** Opening Provided records block **

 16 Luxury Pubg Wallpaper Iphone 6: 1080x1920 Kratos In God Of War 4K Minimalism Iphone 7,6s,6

** Closing Provided records block **
** Opening Provided records block **

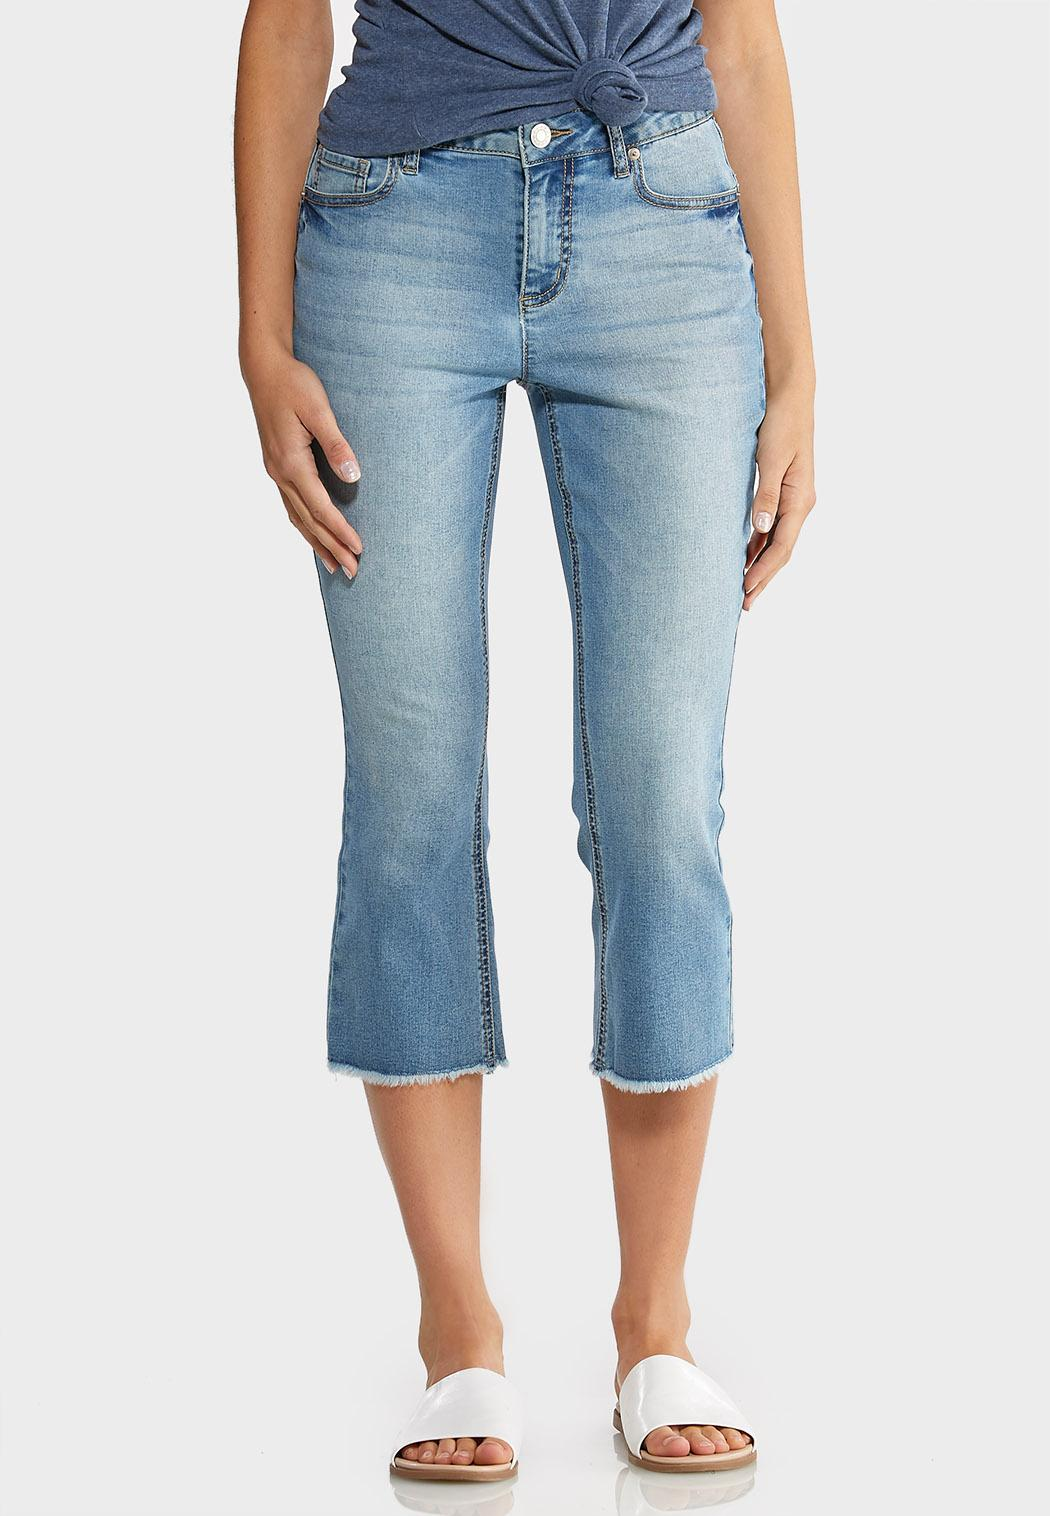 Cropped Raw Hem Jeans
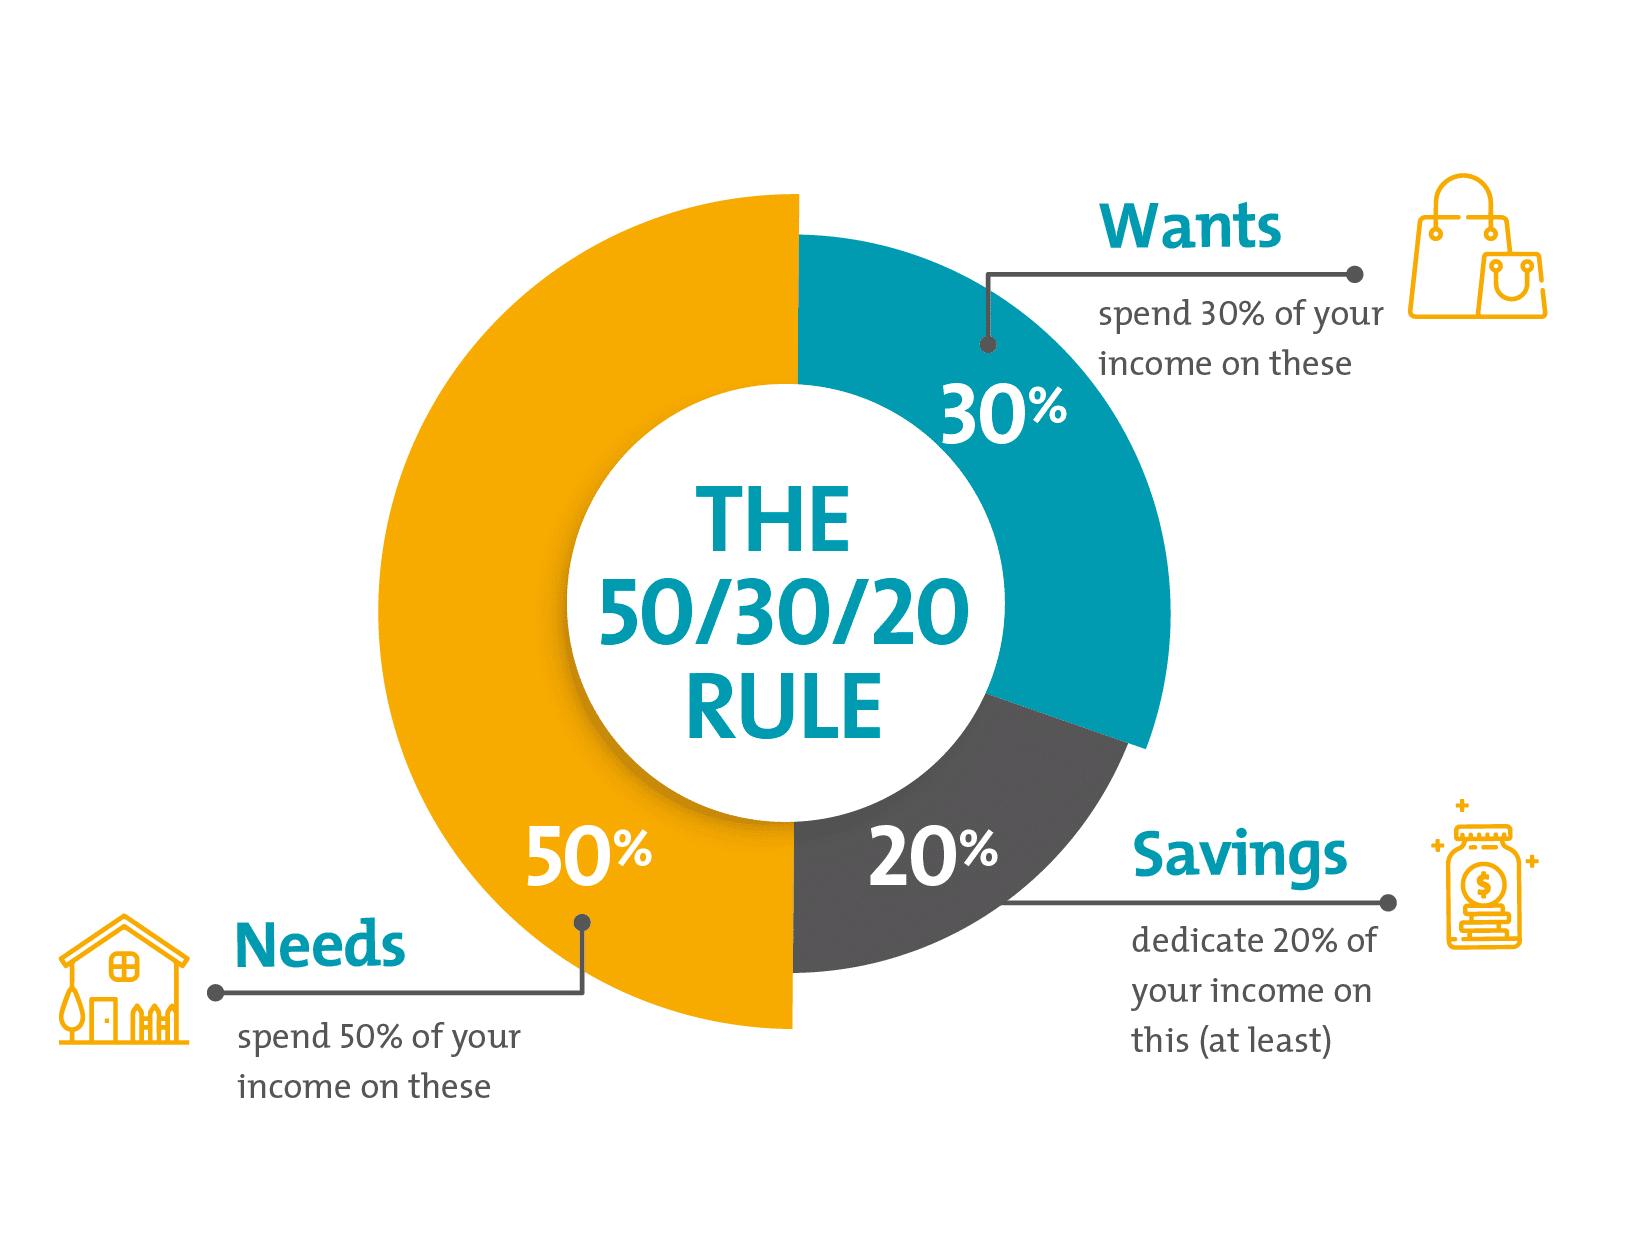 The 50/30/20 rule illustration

** Closing Provided records block **

Exercise for the records above: copy only the lines from the one with "Cropped Raw Hem Jeans" to the one with "The 50/30/20 rule illustration", both ends kept, and drop the pictures.

▶ Answer box:
 Cropped Raw Hem Jeans
 The 50/30/20 rule illustration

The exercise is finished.